No Machismo projected on this one Tree, if you would've quoted the sentence before it I said that I make my dogs wear orange in deer camp. The whole point I was making, Finn said he didn't want dogs running around during deer season, and I was implying that having a dog off leash during the deer season can be very dangerous for the dog. Thankfully, I've never had a dog shot by an idiot but personally know people and I've witnessed it 1 time. Almost everytime they make a b.s excuse like I thought it was a coyote or it's trespassing. And yes, I will protect my family(including dogs) with whatever force is neccessary. With the time I spend with my dogs and some jerk off shoots my dog, yeah I'm gonna be pissed.


----------



## Pops2 (Jul 28, 2010)

FTR
the state code (not the regs, the actual state law) specifies that ONLY those LEOs TASKED with enforcing game laws may shoot dogs running deer. anyone else including police & sheriffs deputies are technically breaking the law. don't think for a second i wouldn't use the AR whackos to force prosecution. so forget the macho crap and fight w/ your brain.


----------



## redleg (Dec 5, 2007)

It's not legal to hunt big game in parts of Germany with out access to a tracking hound.


----------



## DDGuy (Nov 4, 2007)

In looking at the Montana law it appears to cover all the bases, yet it is simple. Utah would do well to adopt it or something very similar. 

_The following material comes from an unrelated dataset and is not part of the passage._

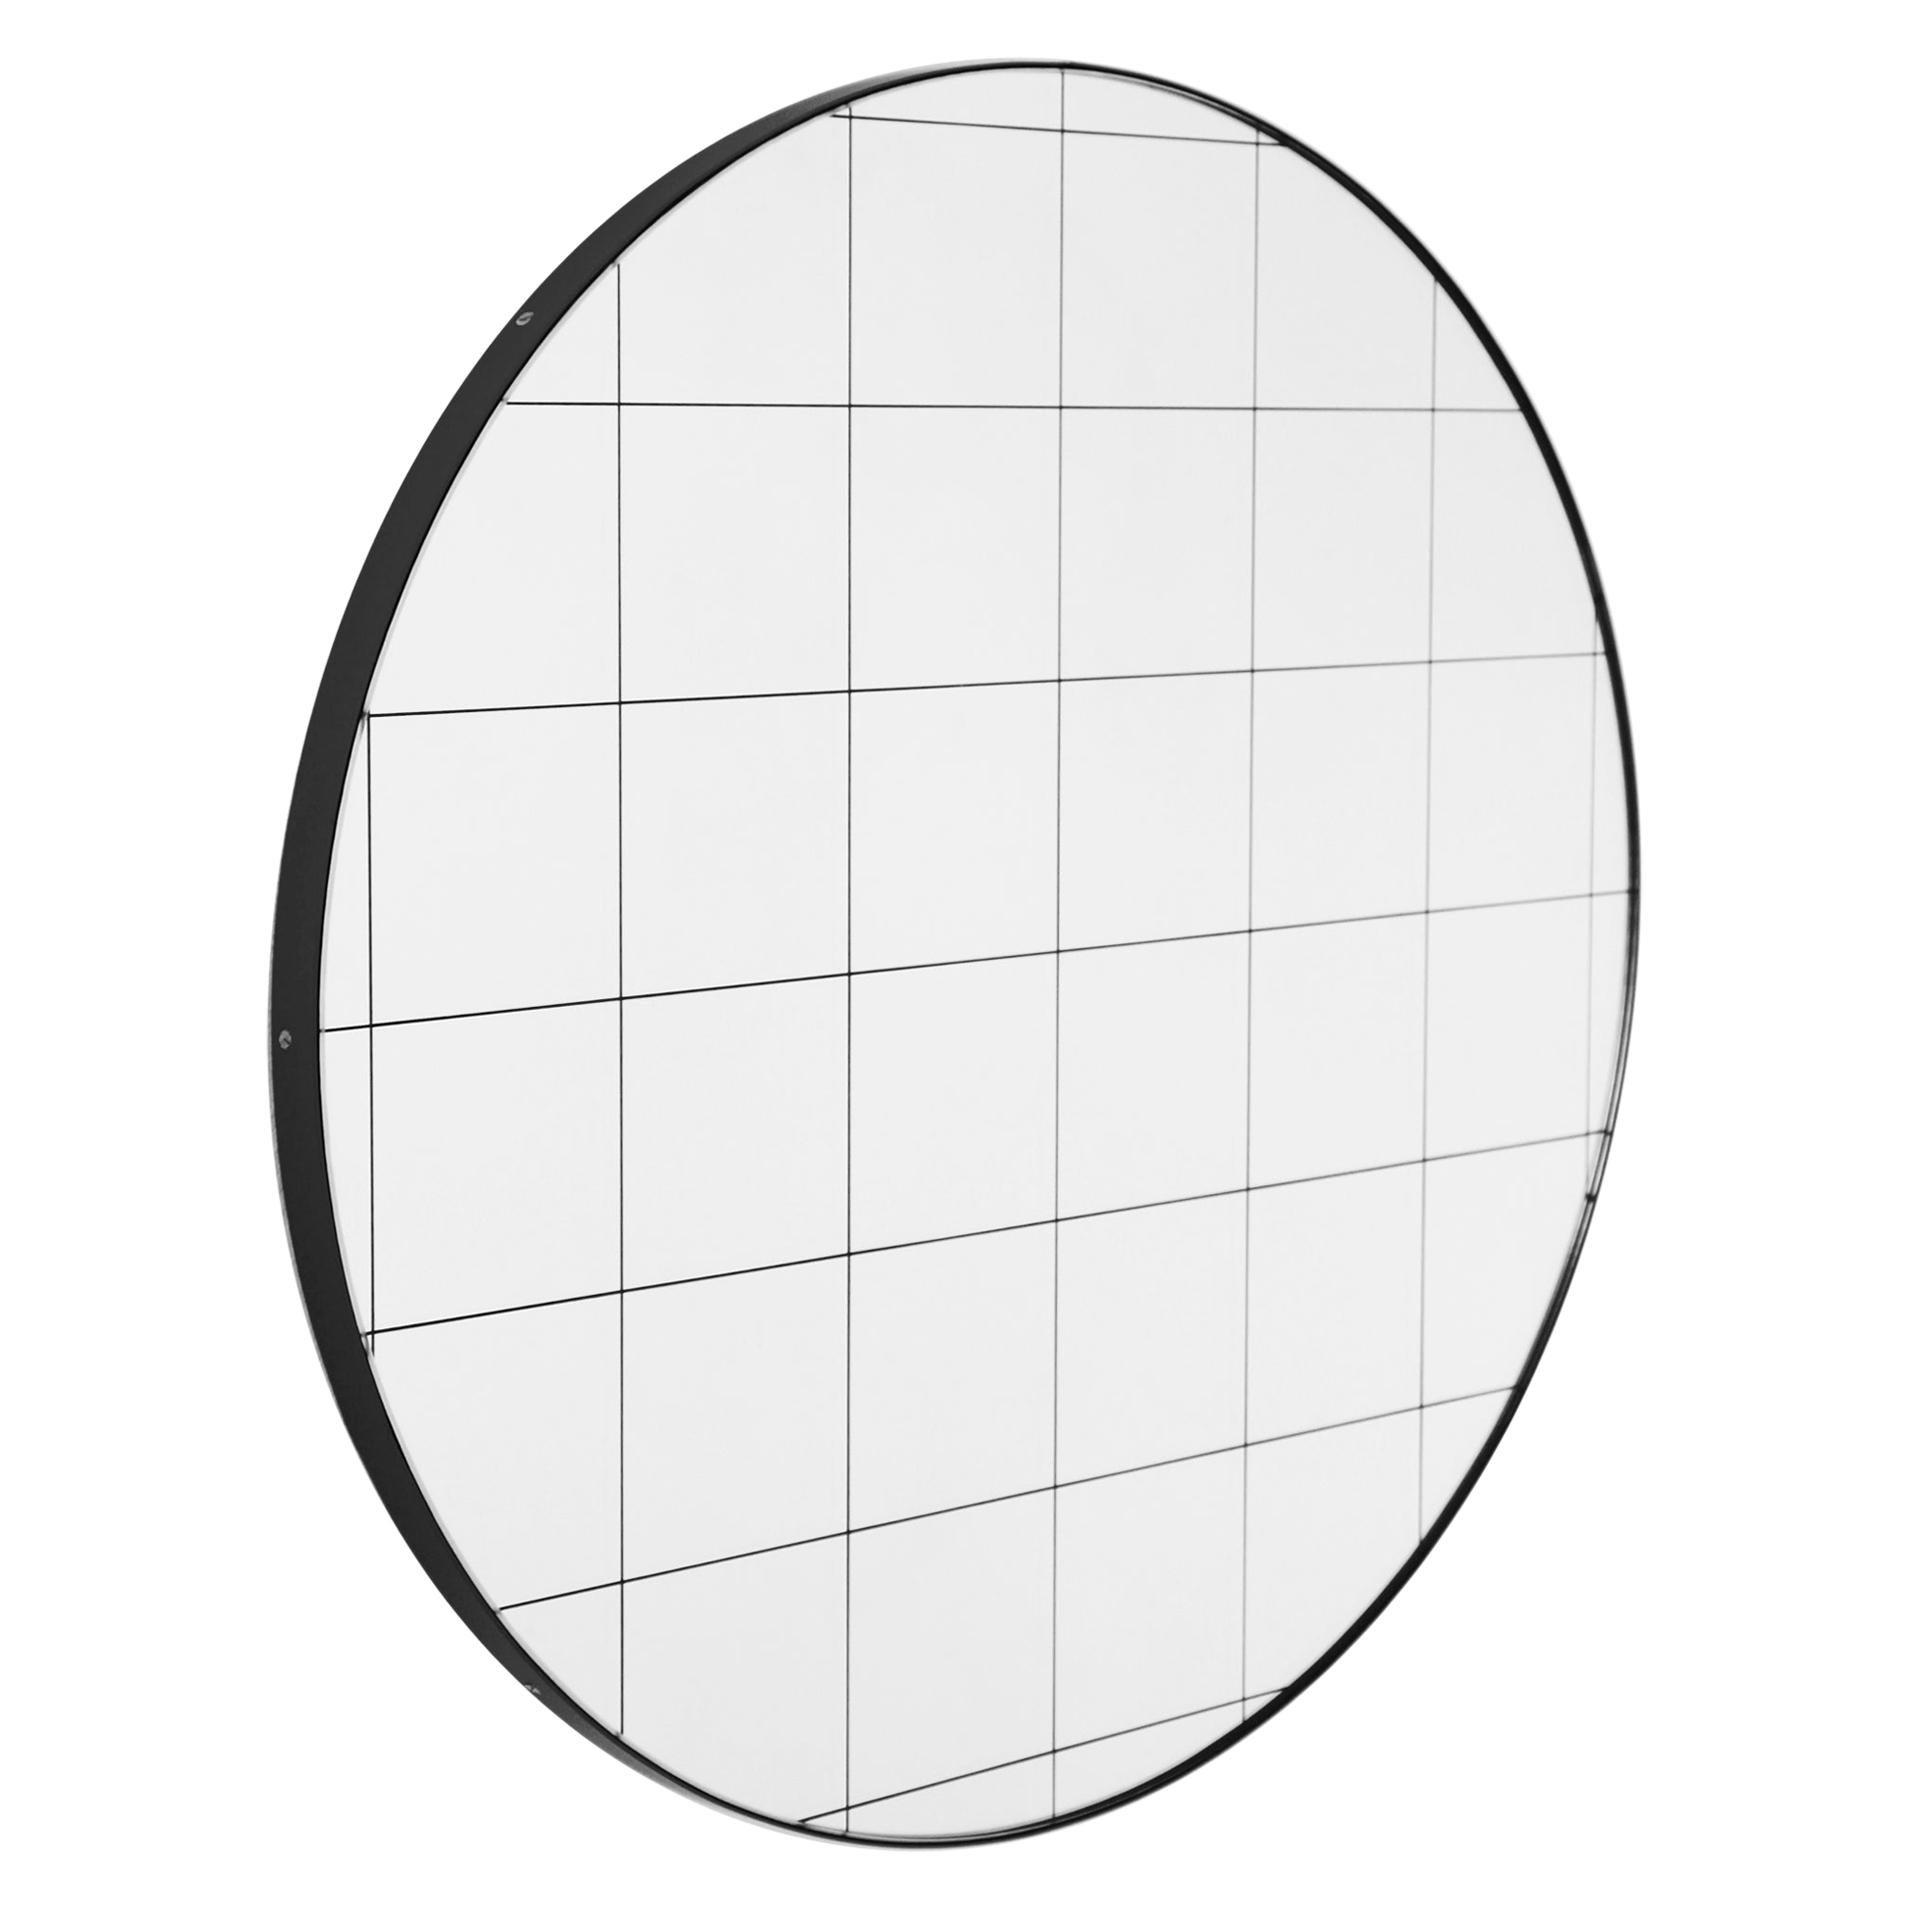 Orbis™ Black Grid Round Minimalist Bespoke Mirror with Black Frame - Large

As for hunters taking bad shots because they have a dog in camp to back them up, I don't see that happening. Like has been said already, some "hunters" are unethical and will always be unethical. The average dog isn't going to be a reliable blood tracker. Only dogs with tracking aptitude and training will be reliable. There isn't going to be a blood tracking dog in every camp. Most hunters won't even know they exist, and most dog handlers won't be willing to do the training.

The use of an on-lead trained blood tracking dog to recover lost, or more importantly wounded game, is the epitome of ethical hunting.


----------